First off, we run the risk of creating a platform exclusive to a certain part of the society—those who have access to technology and the skillset to use it—thus fostering more homogeneity rather than diversity. In fact, we are already seeing imbalances in terms of the geographic distribution of VR sets. In 2019, North America and Western Europe made up nearly 90% of all VR set sales, and 38% of the expected metaverse growth in the next four years is expected to come from North America. We must do our best to ensure a more equitable distribution of technologies that enable the metaverse across the world. Particularly businesses with global operations have a huge role to play in that regard.

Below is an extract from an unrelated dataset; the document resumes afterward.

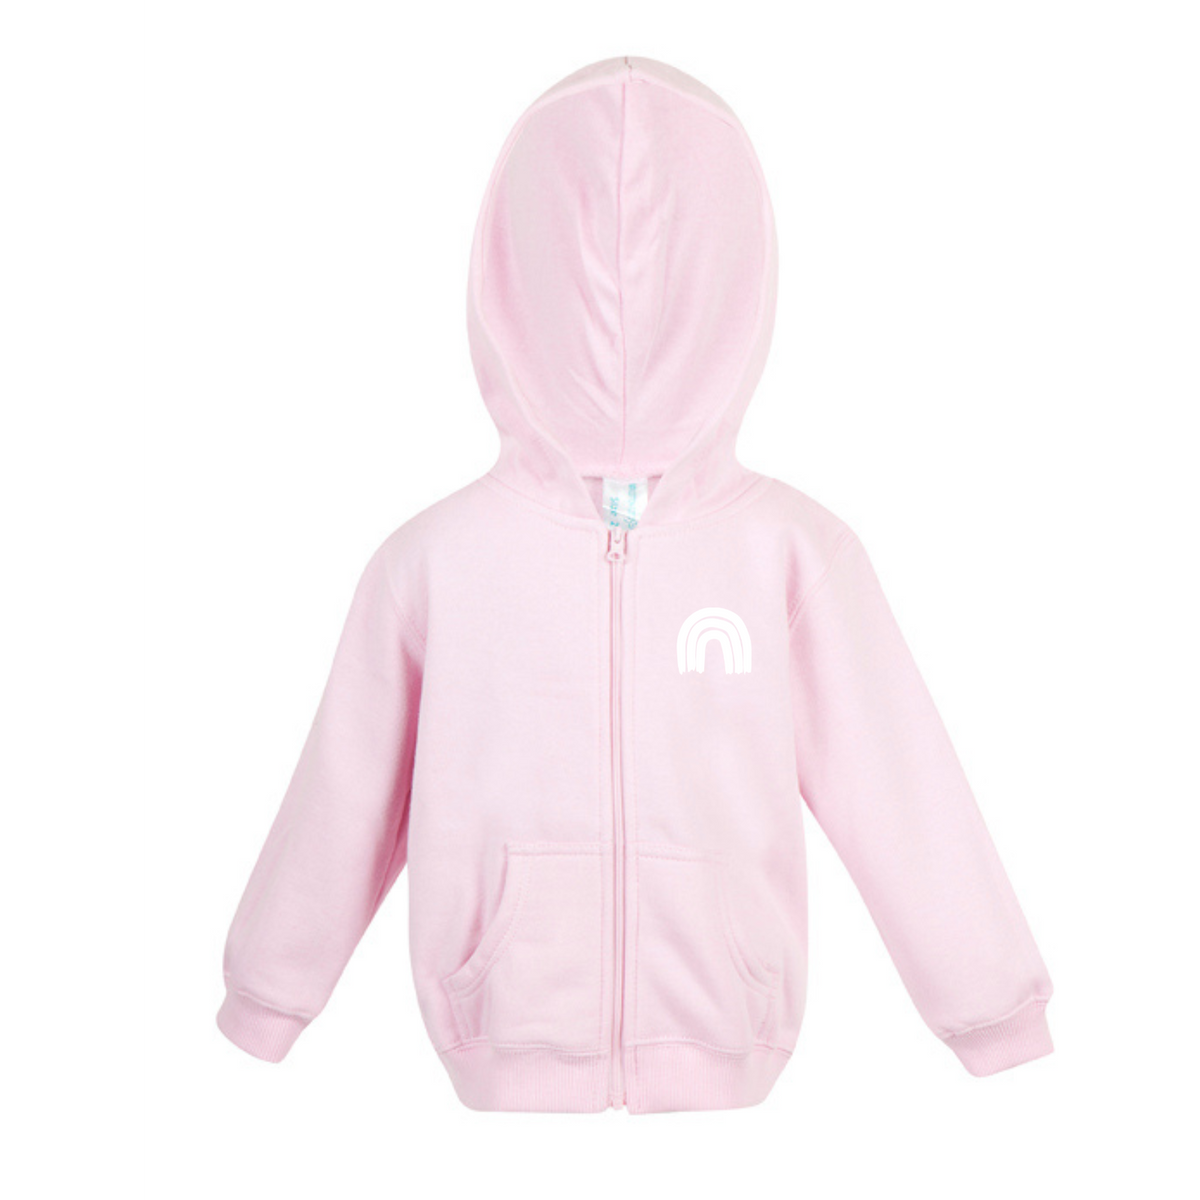 Tumby Bay Kindergarten Kids Fleece Zip Hoodie Cotton Blend  F100ZZ-Collins Clothing Co

Second, over-dependency on and overuse of the metaverse can have significant societal implications—creating two parallel realities, leading to more division and resentment instead of more cohesion, inclusion, and collaboration. We must establish governance processes to ensure that metaverse augments the real world, not replace it.

Third, 3D environments can collect a much broader range of data about individuals than the two-dimensional Internet. To add to that, metaverse will enable the creation of multiple personalities, significantly complicating data privacy and creating a slew of challenges in terms of validation and authentication of identity. As an irreversible, traceable, and secure network of transactions, blockchains will be critical in managing identities, authentication, data ownership, and governance.

Further, just as metaverse can be beneficial in reducing bias, if the artificial intelligence (AI) which operates the platform is skewed, it can be the exact opposite. It will be imperative for organizations to create oversight processes that ensure ethical AI standards and build a diverse and inclusive workforce of engineers to address any biases in the algorithm during the development phase.

Unlocking the power of metaverse

Finally, realizing the full potential of the metaverse will require advancements in technologies ranging from core infrastructure to experiential capabilities. Like the Internet’s globally accepted Domain Name System and Internet Protocol standards, which catalysed user adoption, the metaverse will need similar standards for graphical, transactional, computing, and network capabilities. For an open, interoperable, and secure metaverse, it will be vital for consortiums of different enterprises, ranging from startups to Internet giants, to collaborate on protocol standards.

We stand at a crucial point in time where we still can guide the direction of this nascent platform. It is entirely up to us—those who are building the founding blocks and governance models—to take the actions needed to unlock the power of metaverse as a source for good, while establishing processes that will help mitigate its risks.